That 'quasi-Zero' was actually a 'true zero' and did have a symbol,
IAW at least one authority (_The Universal History of Numbers_) :
"What is quite remarkable is that Maya priests and astronomers used a
numeral sysem with base 20 which possessed a true zero and gave a
specific value to numerical signs according to their position in the
written expression. The nineteen first-order units of this vegesimal
system were represented by very simple signs made of dots and lines:
one, two, three and four dots for the numbers 1 to 4; a line for 5;
one, two, three and four dots next to the line for 6 to 9, two lines
for 10, and so on up to 19."
The symbol for zero, btw, is a sea-shell -- though to me it looks more
like an eye. The Mayans wrote their numbers in vertical columns with
the lowest order on the bottom. A large number like one million,
eight-seven thousand, two hundred --- which we would write as
1,087,200 would be written in Mayan as (picture symbols for):
7
11
0
0
0
which translates as (7 x 114,00) plus (11 x 7,200) plus zero units of
the lower orders (360, 20, 1).
Is that what you meant by 'quasi-Zero' I wonder? We use ours to
indicate order.

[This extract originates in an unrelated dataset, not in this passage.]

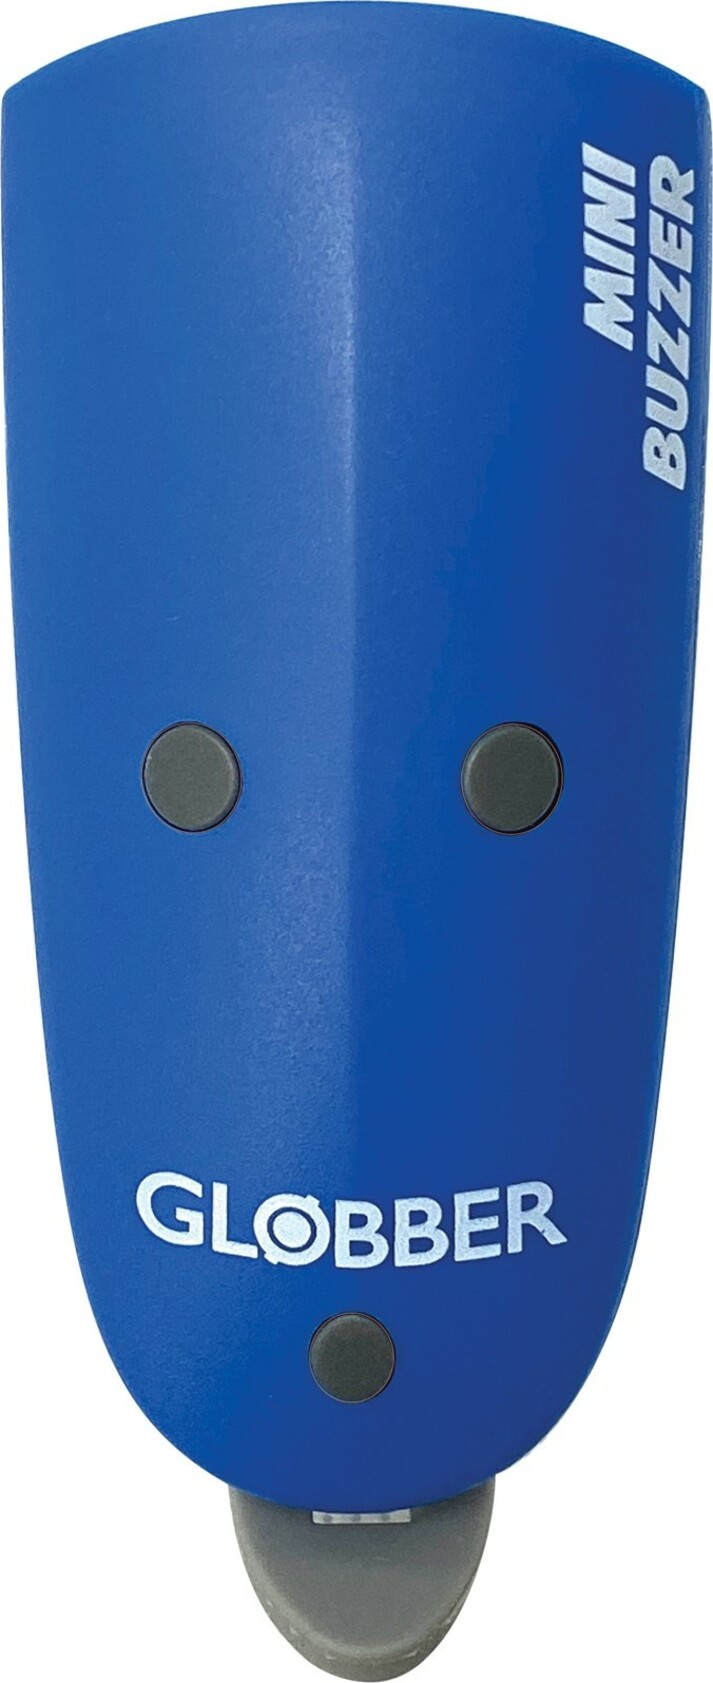 Globber Mini Buzzer Navy Blue

The Mayans used theirs to indicate an absence of
order.
--
William
Another 239 days, then it's "Welcome to the Third."
Possibly. I only studied Mayan stuff for a semester 3 years ago, and
even then I didn't really understand their numerical system. I do
remember my particular reference on the subject saying the "Zero"
wasn't really the same concept as the Arabic numeral "0".
Maybe your source and mine are just on opposite sides of a minor
semantic debate.
: I believe I understand what you intend by "purely arbitrary" in the
: opening sentence above -- I understand you to be referring to an abstract
: concept of "pure math" where the particular symbols used to represent the
: underlying mathematical "truths" are arbitrary and interchangeable (e.g.,
: whether we measure angles in degrees or rads).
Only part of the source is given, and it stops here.